# Exercise directions
For this exercise, output exactly and only the lines running from the one with "Pringles gratis en" through the final line of the data below, without pictures.

# Collected data
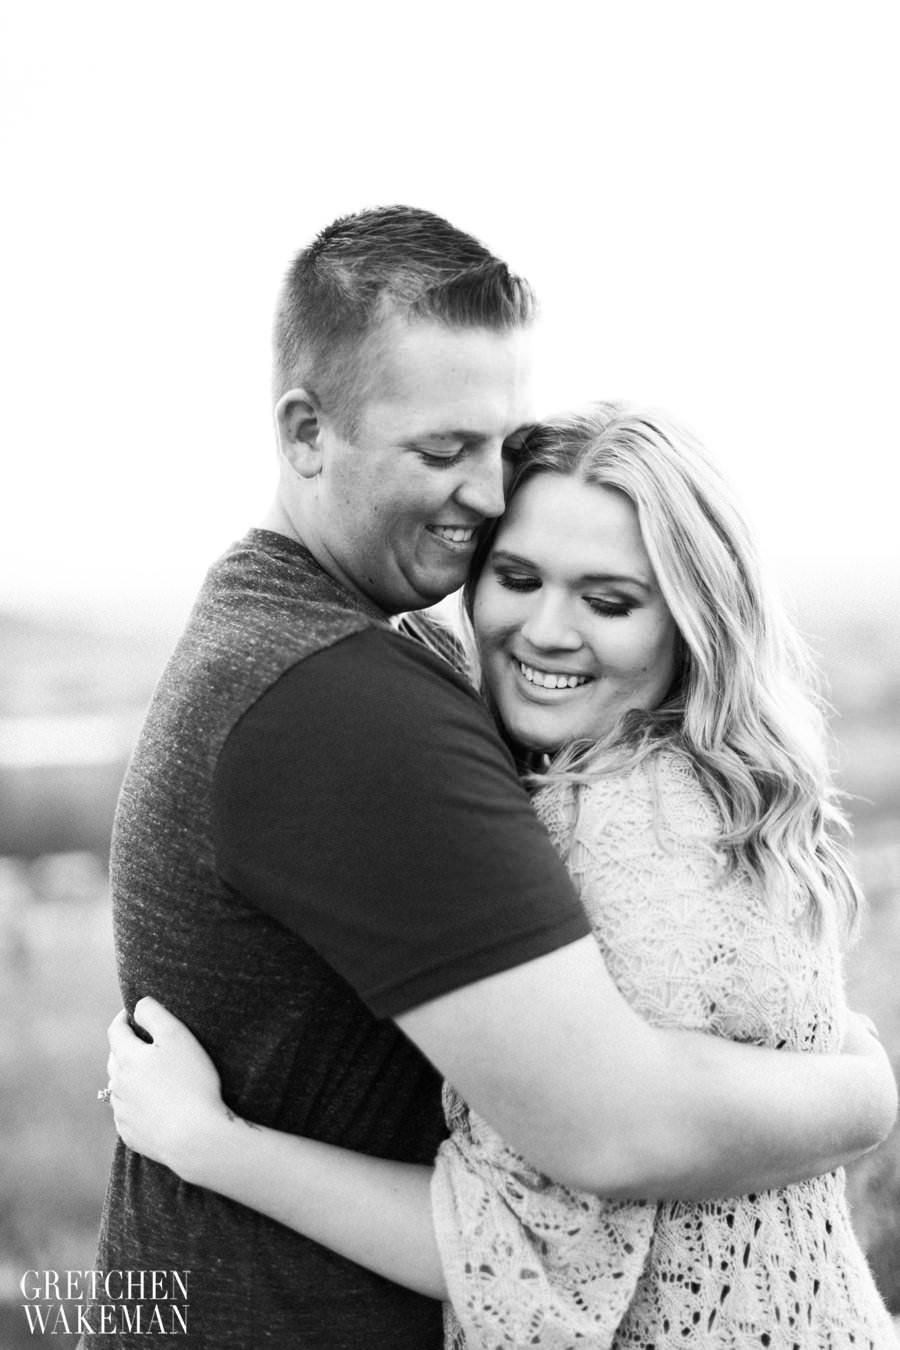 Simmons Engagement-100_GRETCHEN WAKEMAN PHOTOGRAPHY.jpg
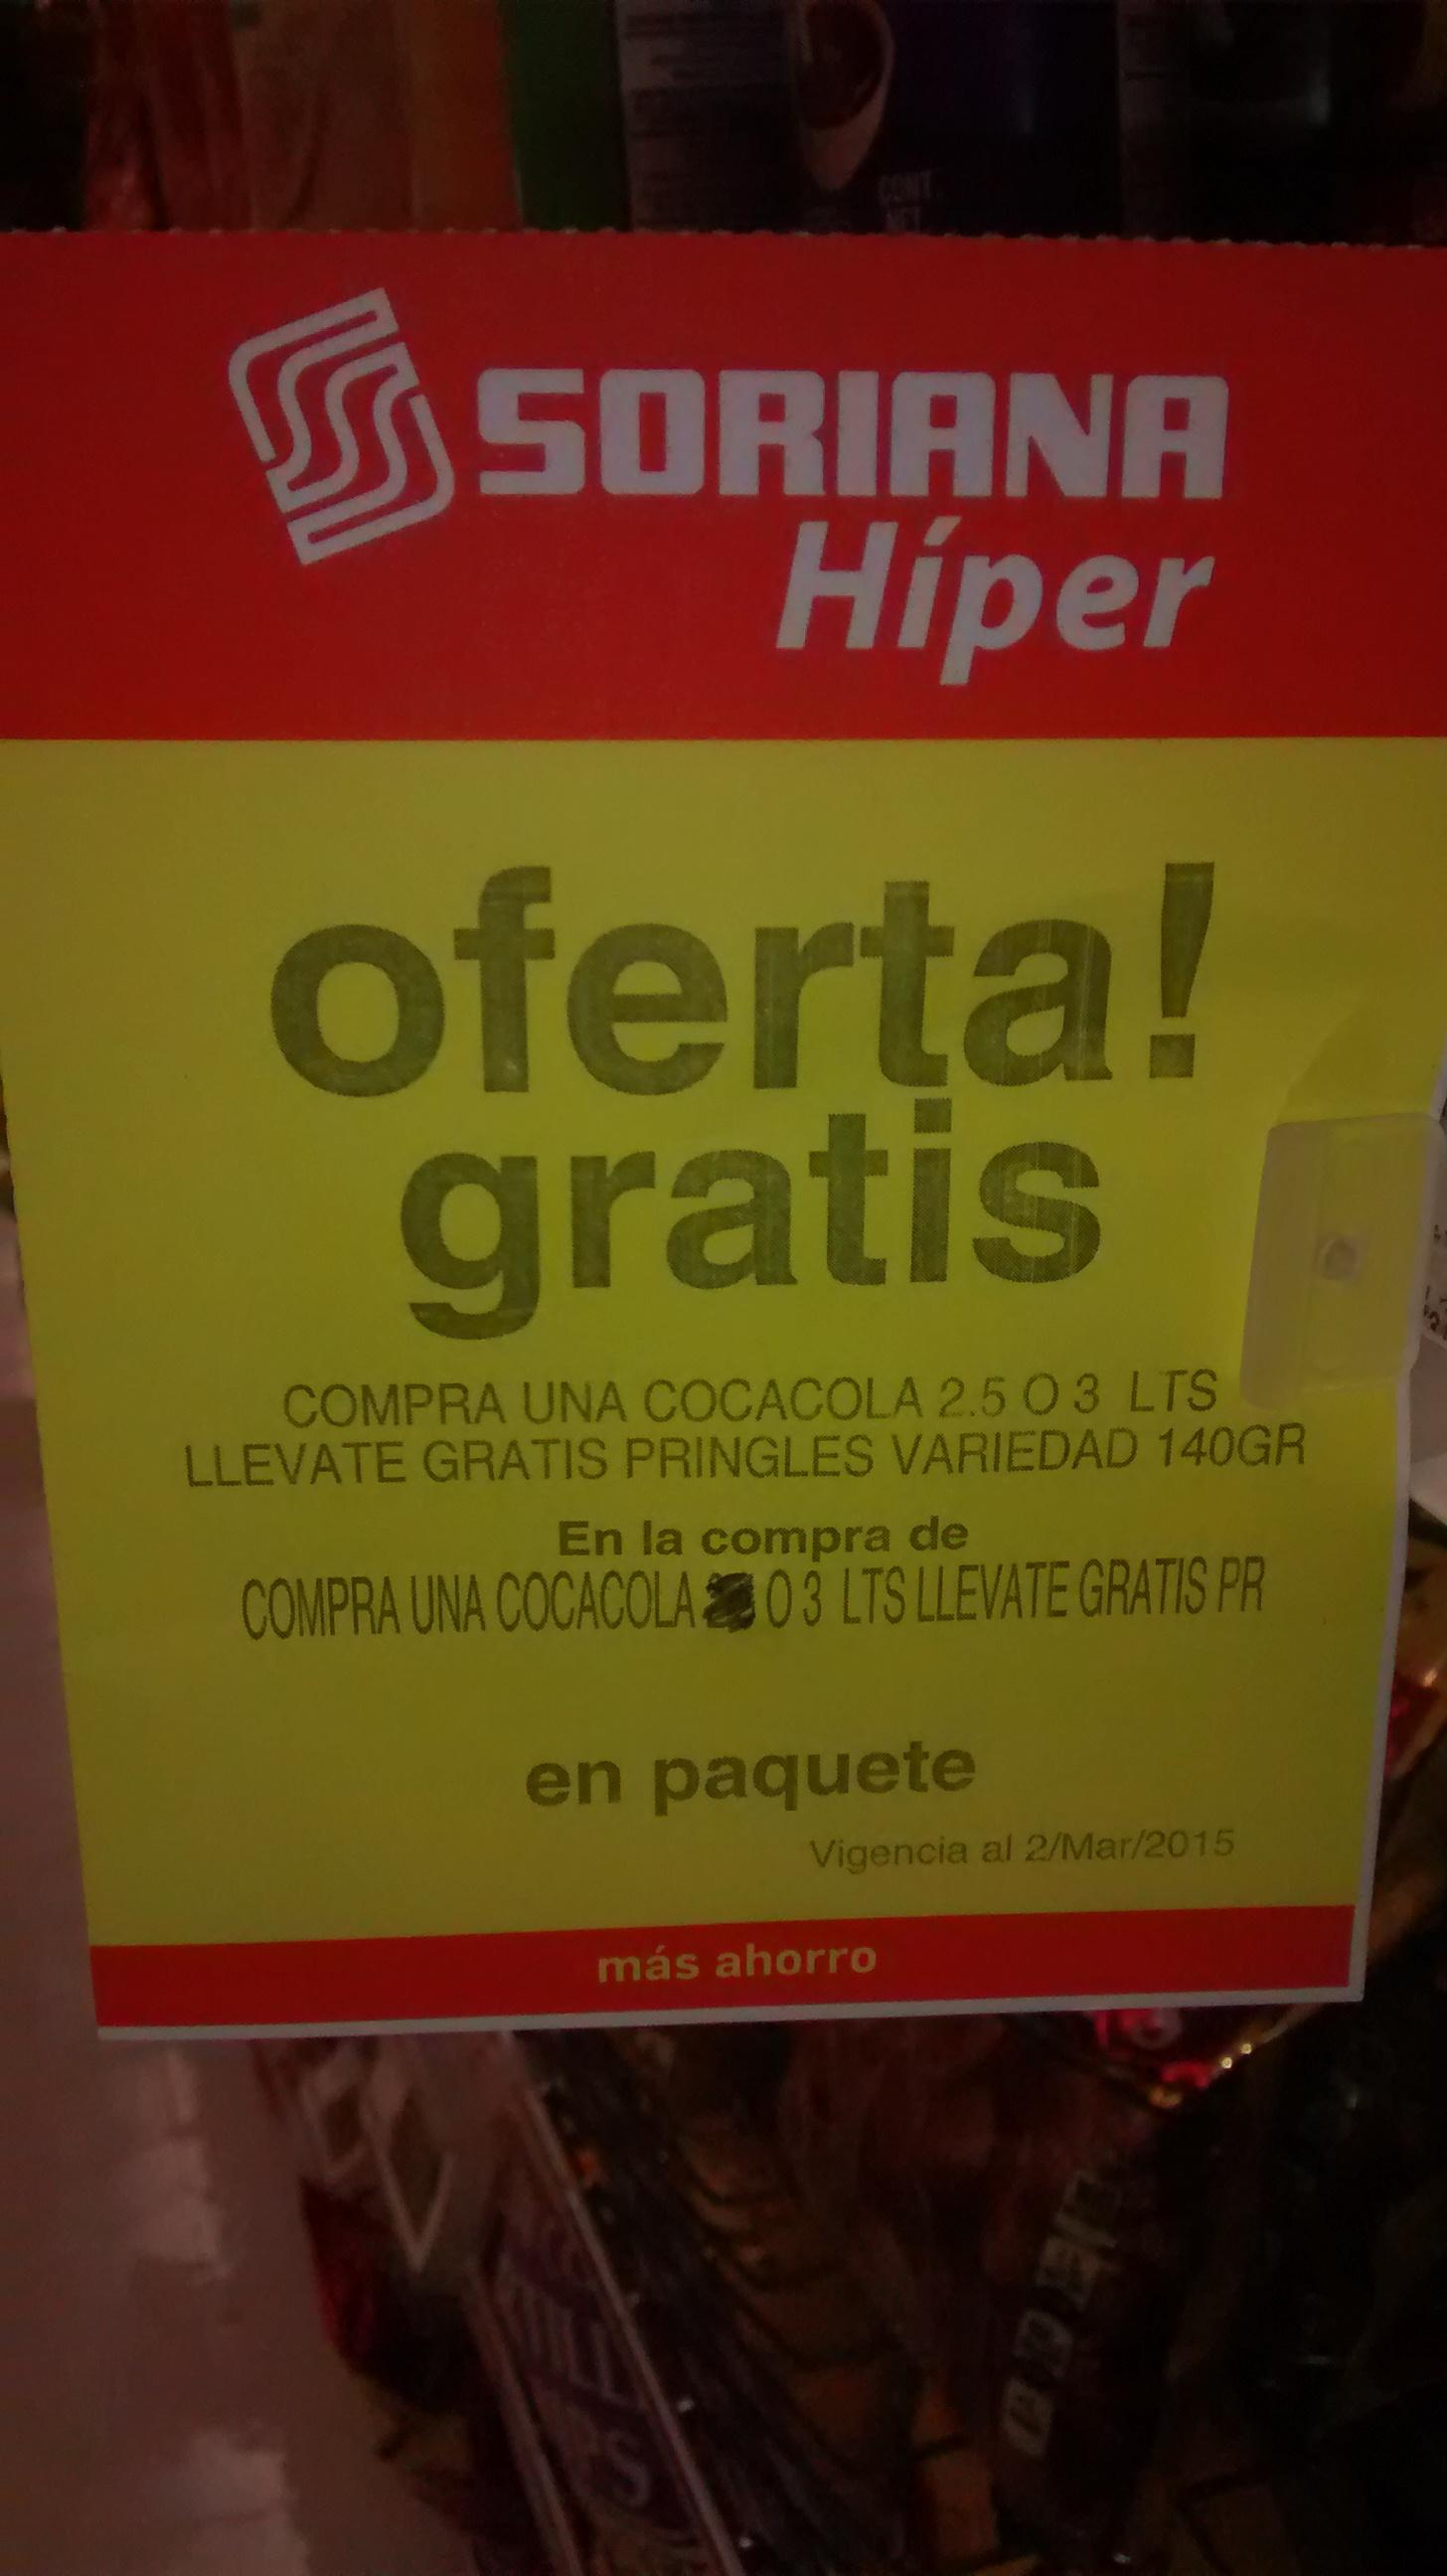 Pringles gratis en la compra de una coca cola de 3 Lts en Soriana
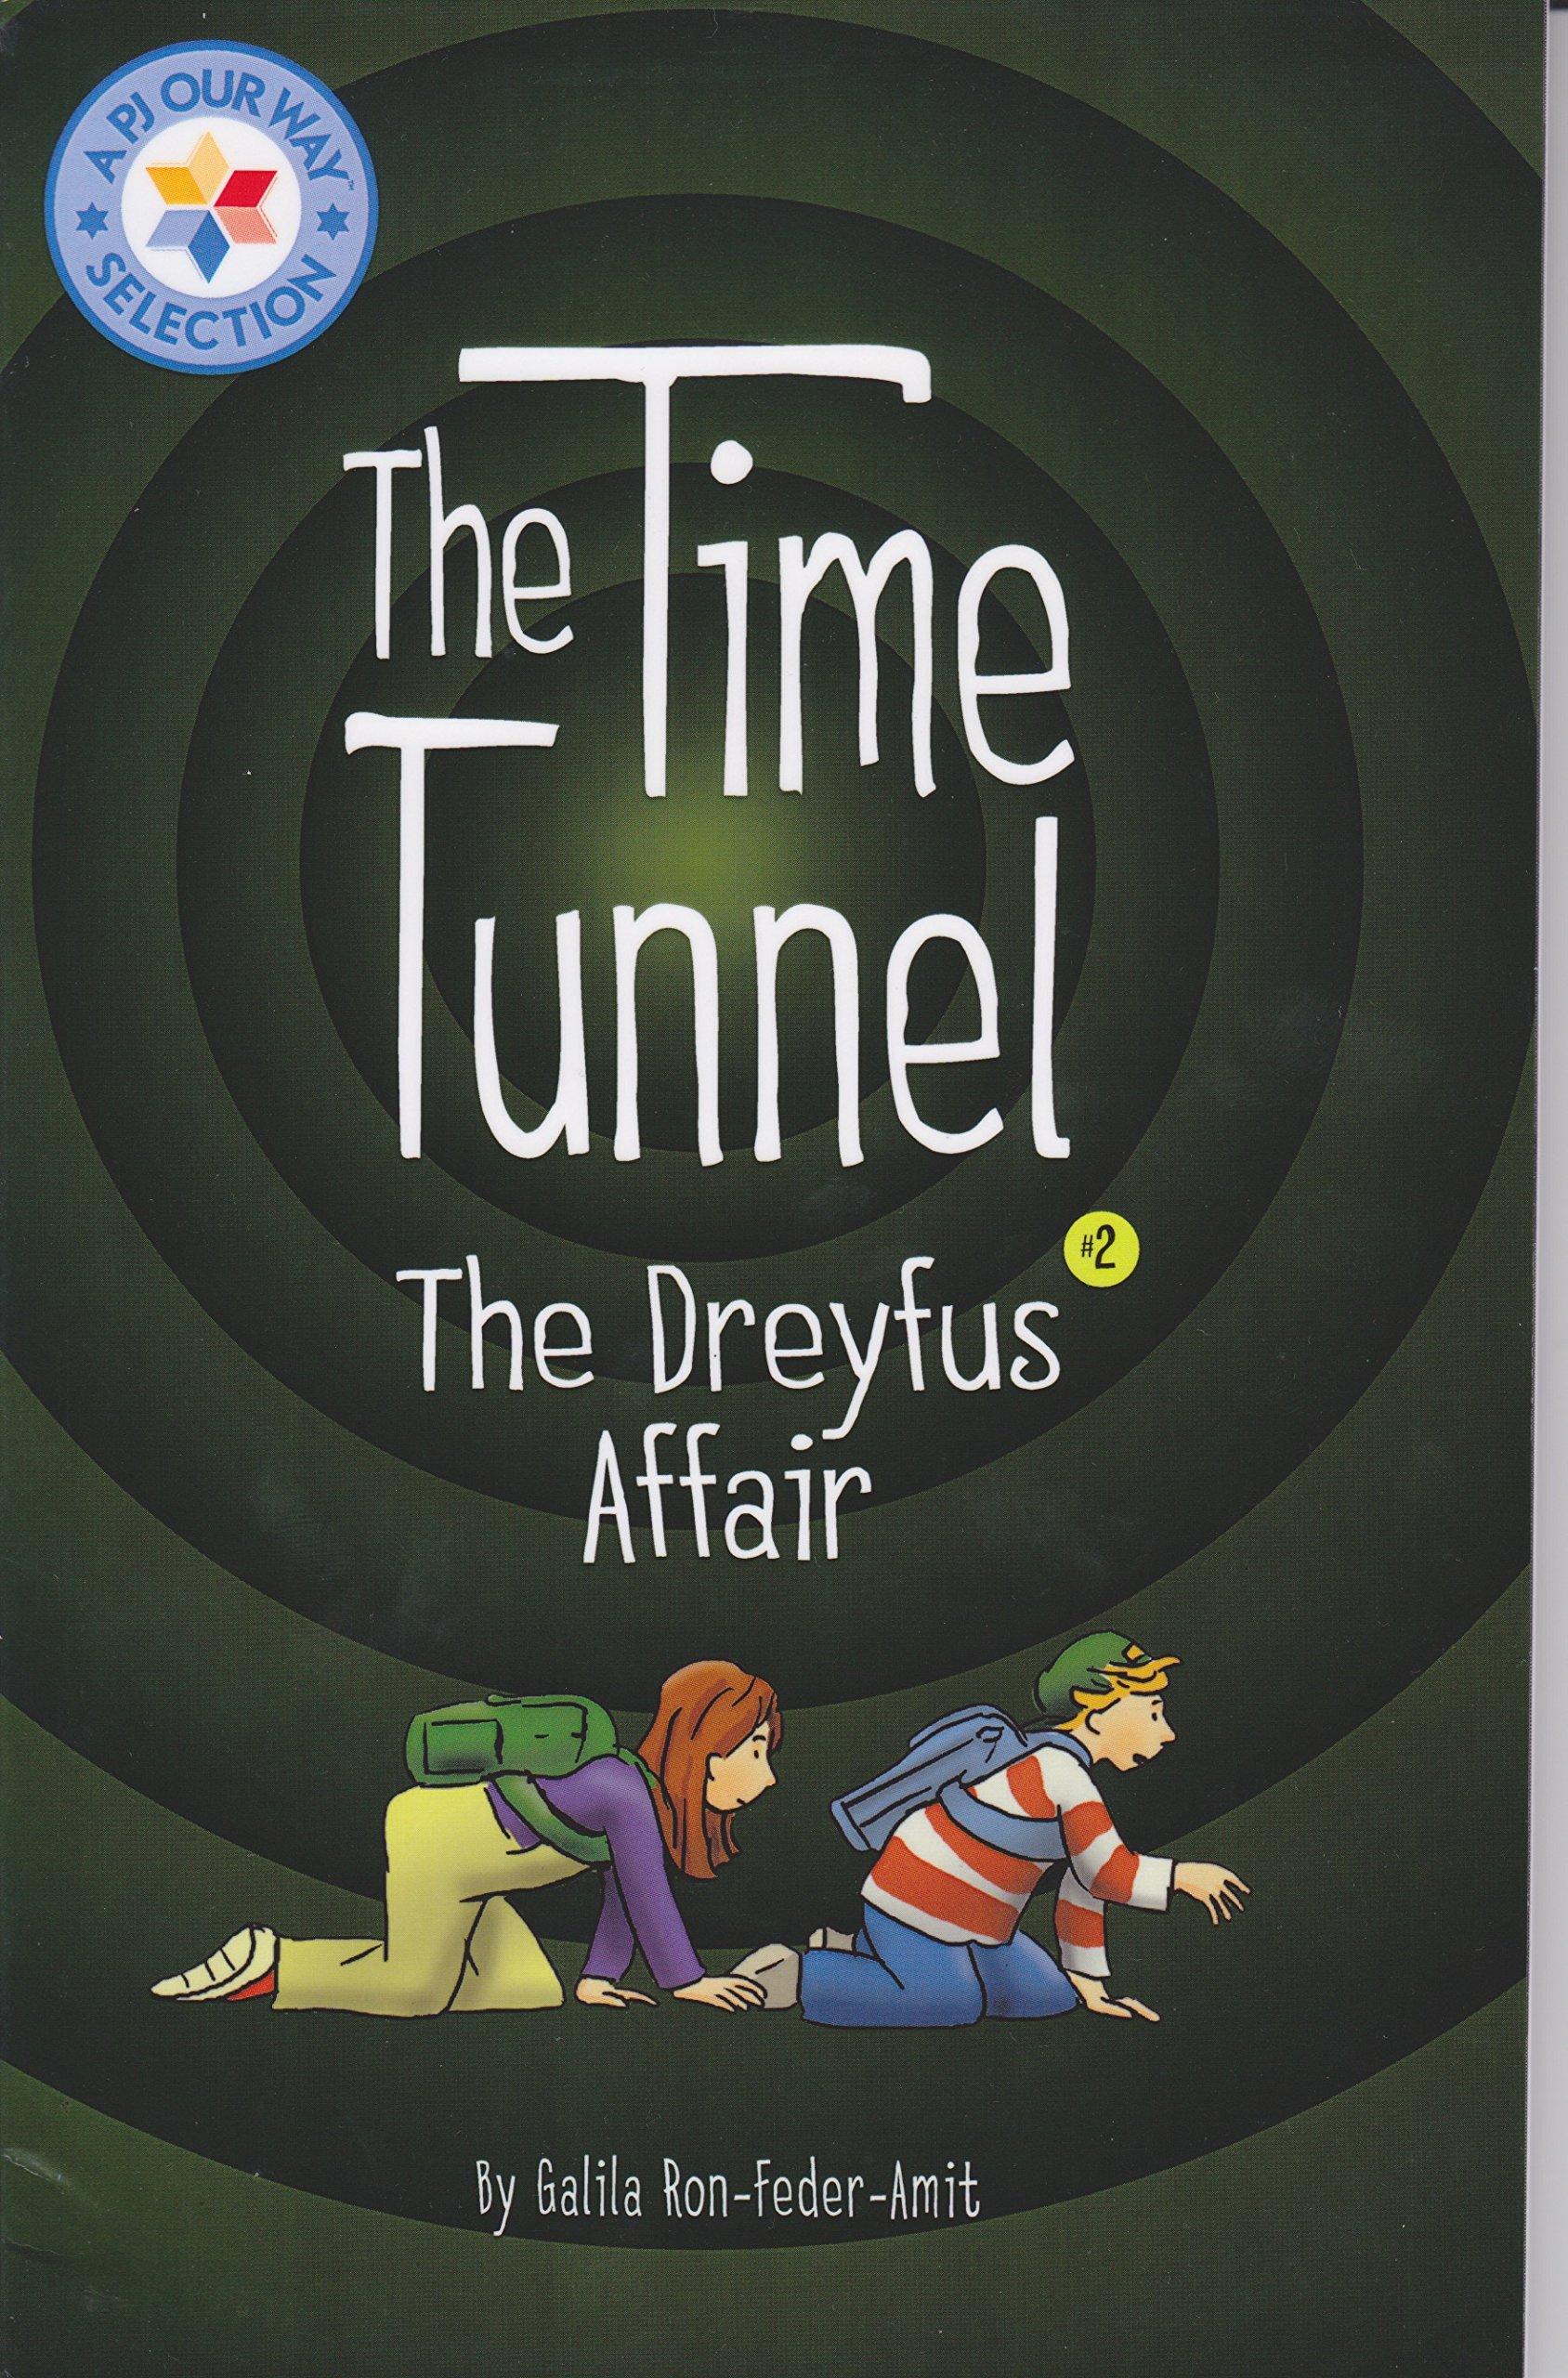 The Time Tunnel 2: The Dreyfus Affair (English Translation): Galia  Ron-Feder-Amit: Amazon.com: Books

# Exercise output
 Pringles gratis en la compra de una coca cola de 3 Lts en Soriana
 The Time Tunnel 2: The Dreyfus Affair (English Translation): Galia  Ron-Feder-Amit: Amazon.com: Books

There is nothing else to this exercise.